## Your task
Transcribe only what runs from the line containing "El equipo profesional" through the end of the listing, line for line and exactly, and omit the pictures.
[Collected data — start]
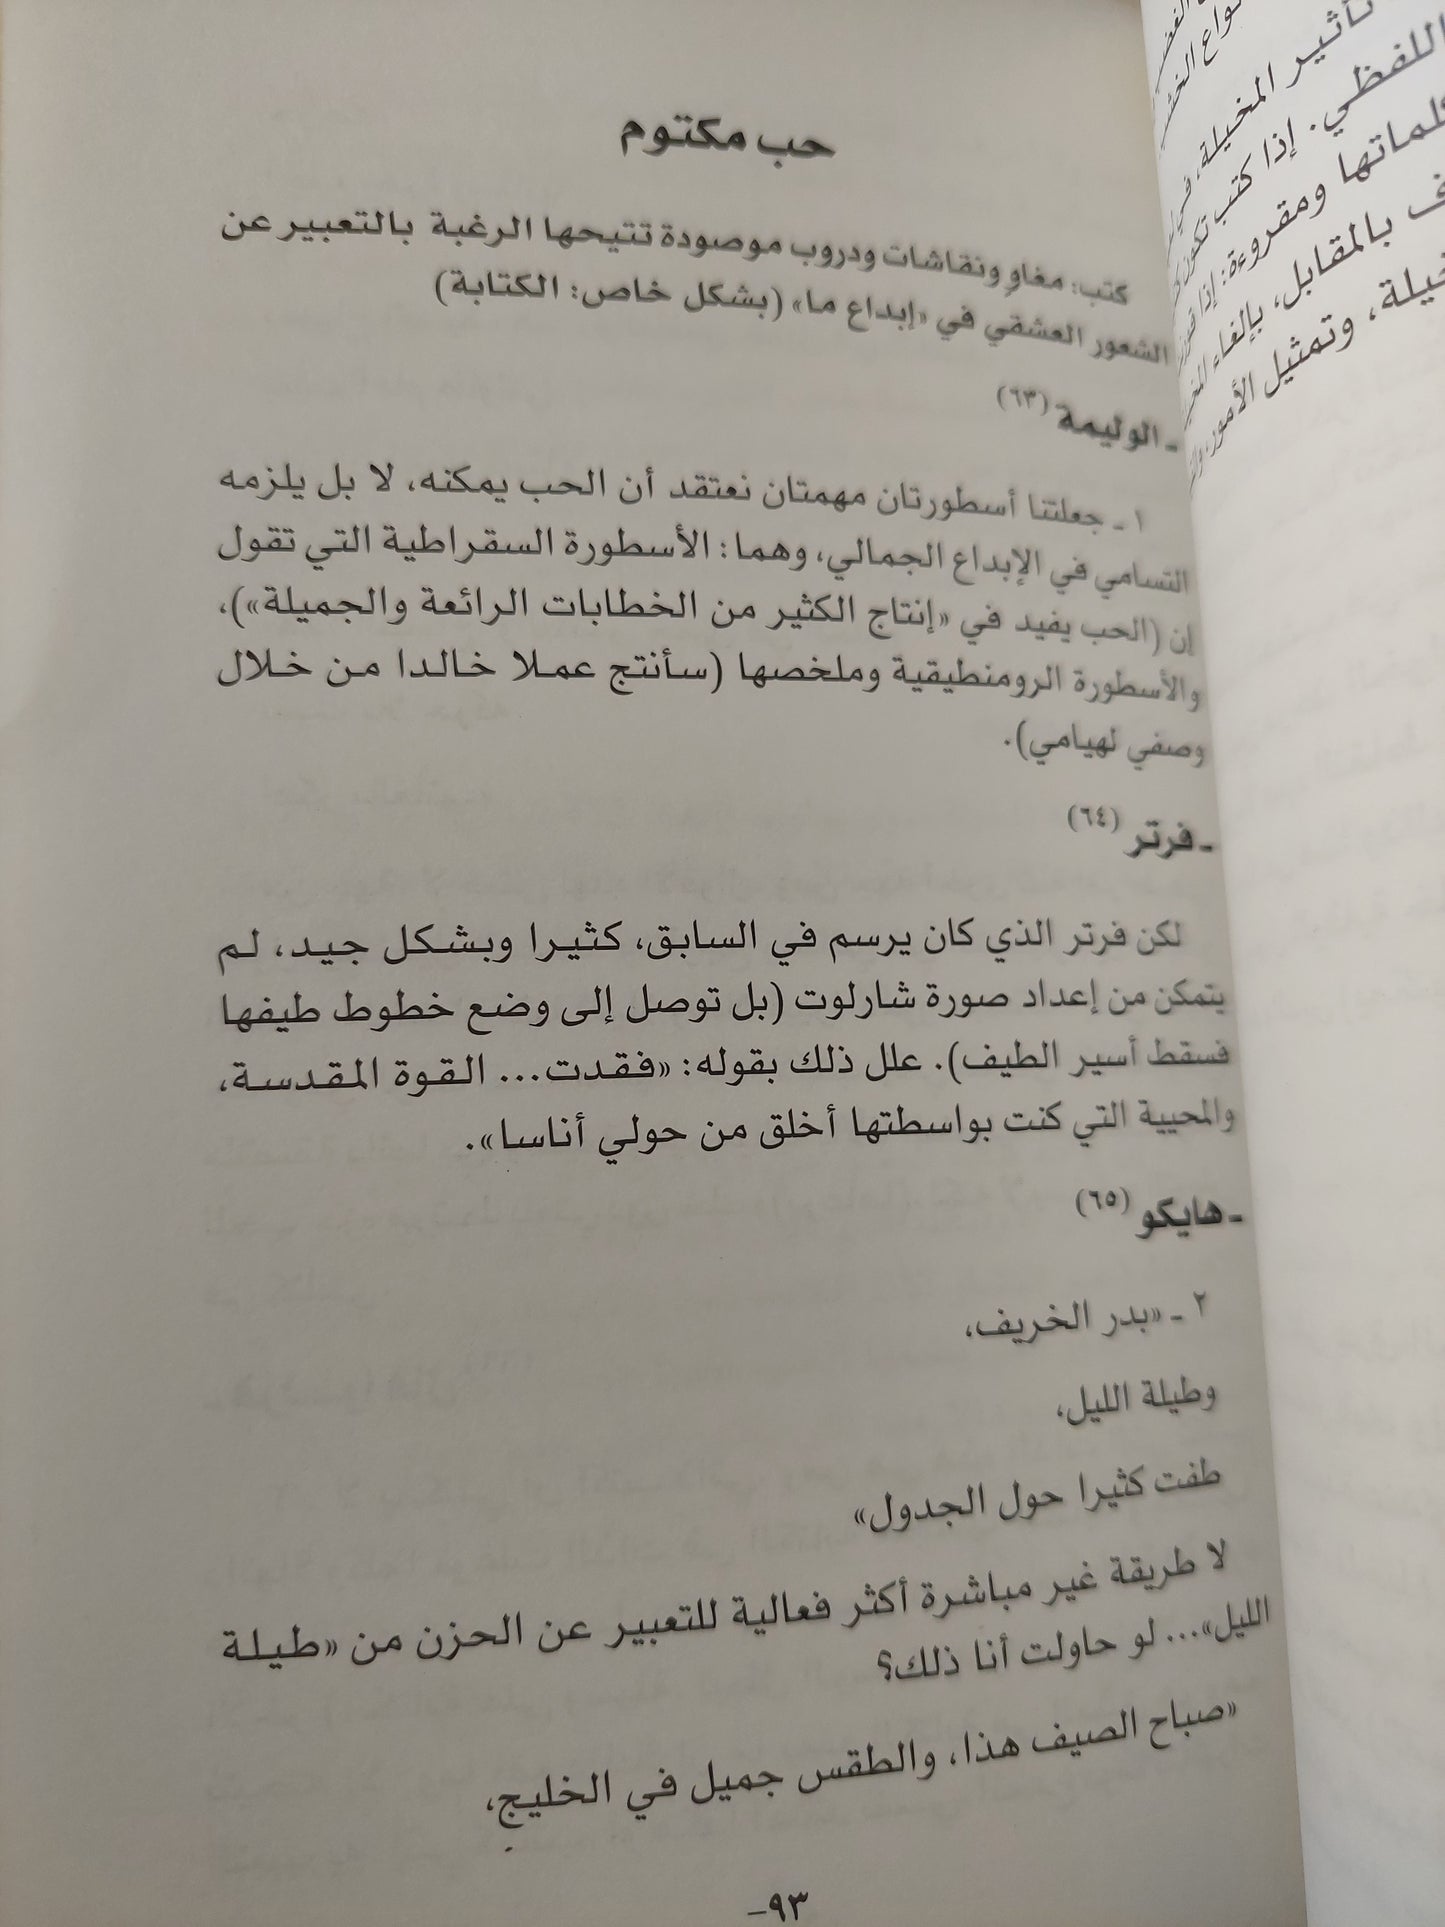 شذرات من خطاب في العشق / رولان بارت
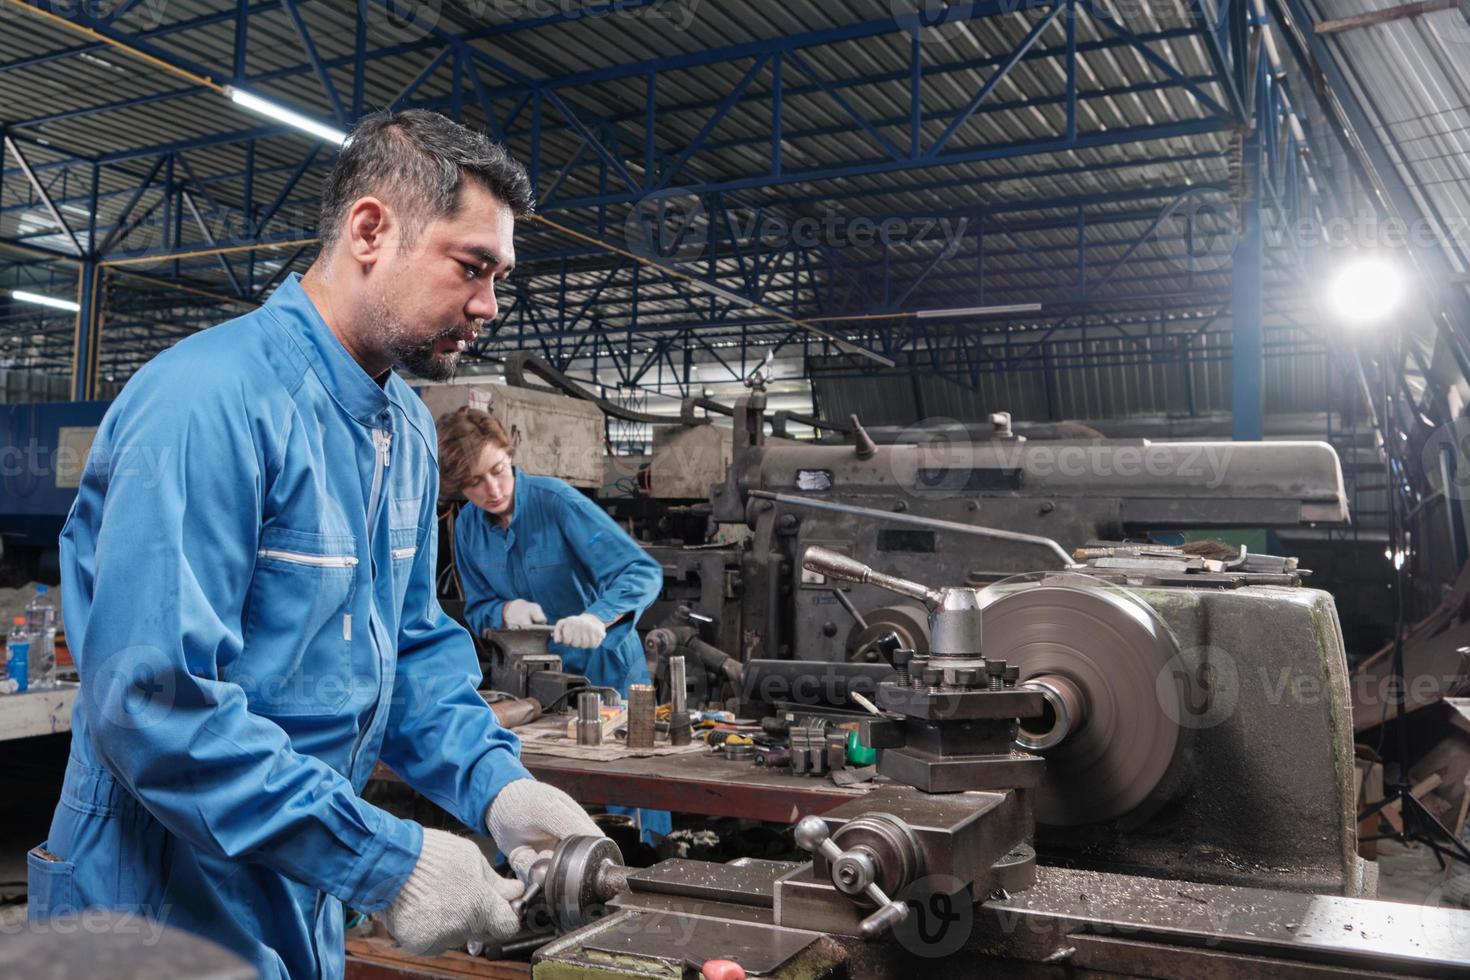 El equipo profesional de la industria, dos trabajadores con uniformes de seguridad y un socio de ingenieros trabajaron con herramientas de metalurgia, tornos mecánicos y talleres de repuestos en la fábrica de fabricación de acero. foto
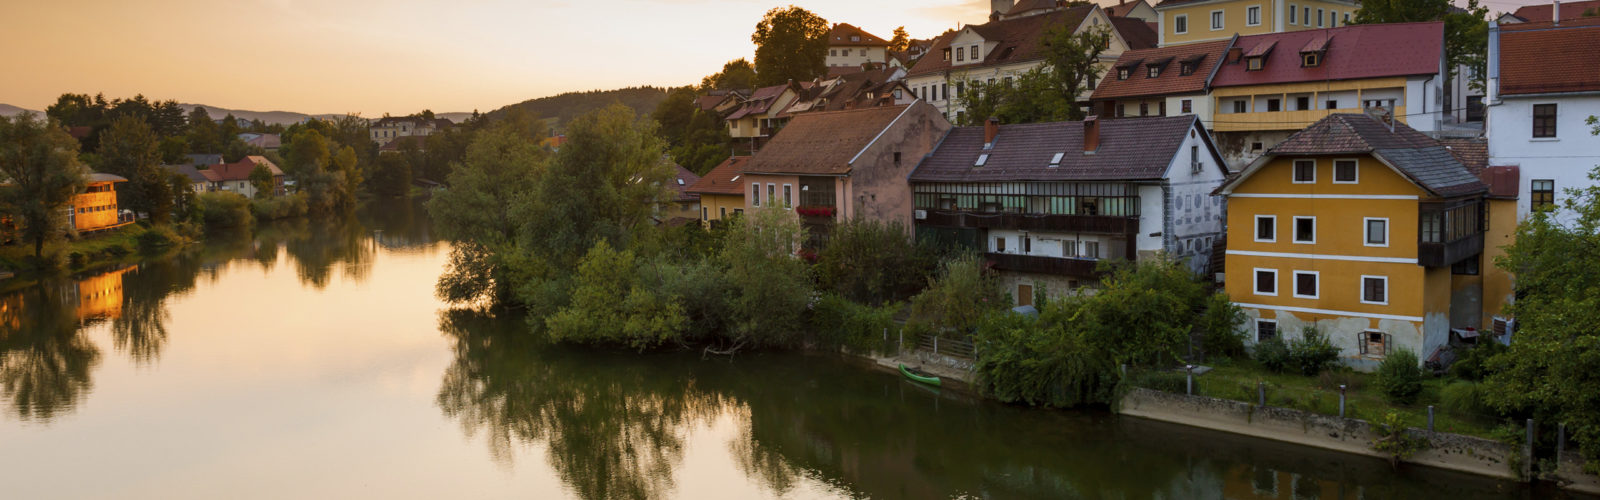 river-krka-slovenia
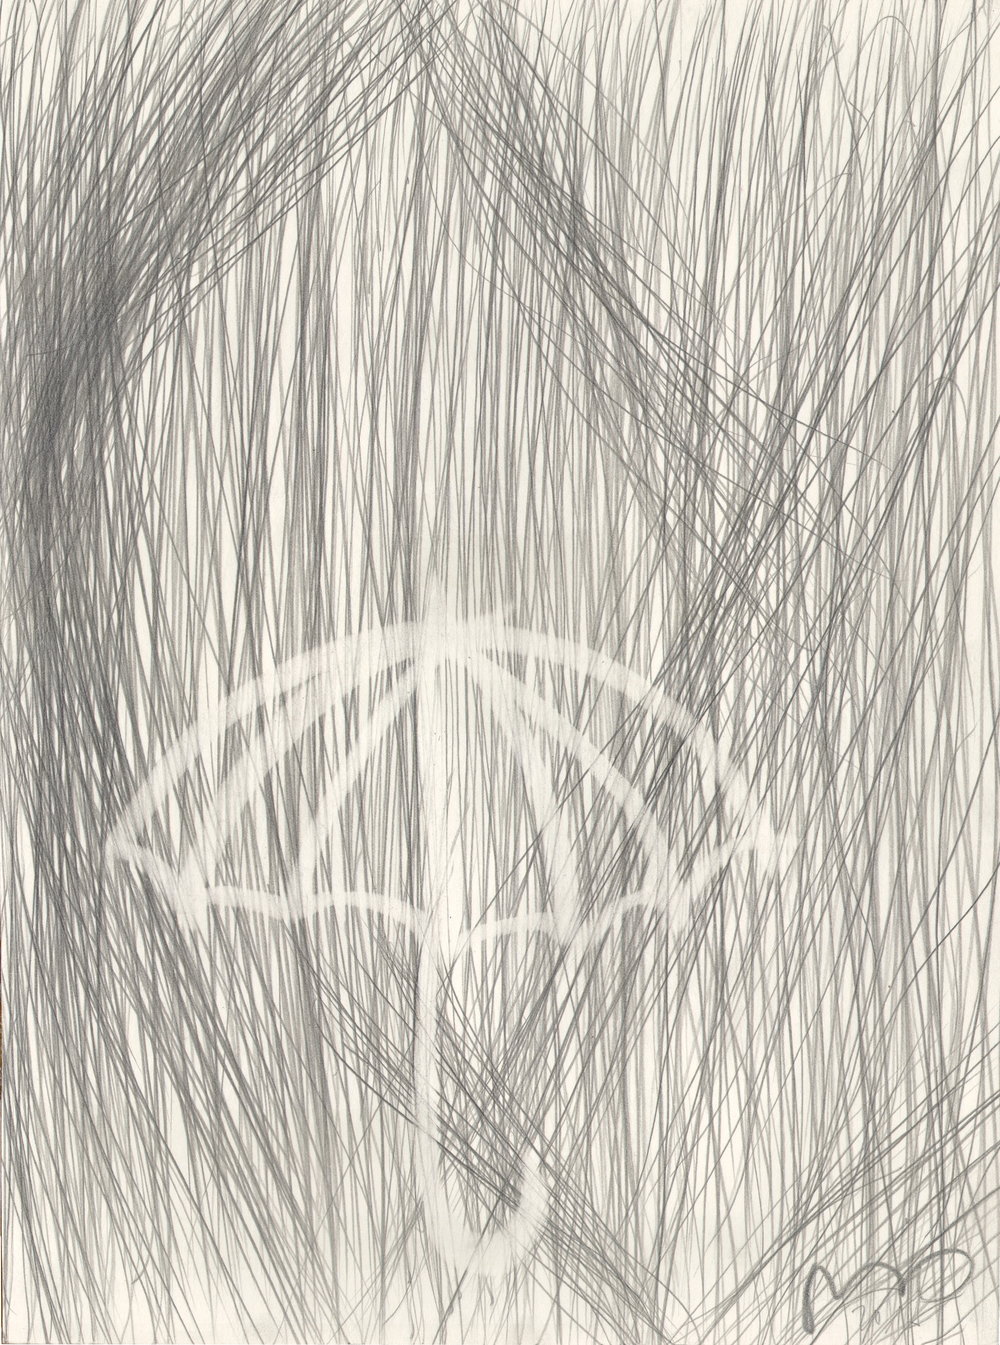  O.T. ( Abstraktion ), 2015  26x35.5cm, Bleistift auf Papier
[Collected data — finish]
## Task solution
 El equipo profesional de la industria, dos trabajadores con uniformes de seguridad y un socio de ingenieros trabajaron con herramientas de metalurgia, tornos mecánicos y talleres de repuestos en la fábrica de fabricación de acero. foto
 river-krka-slovenia
  O.T. ( Abstraktion ), 2015  26x35.5cm, Bleistift auf Papier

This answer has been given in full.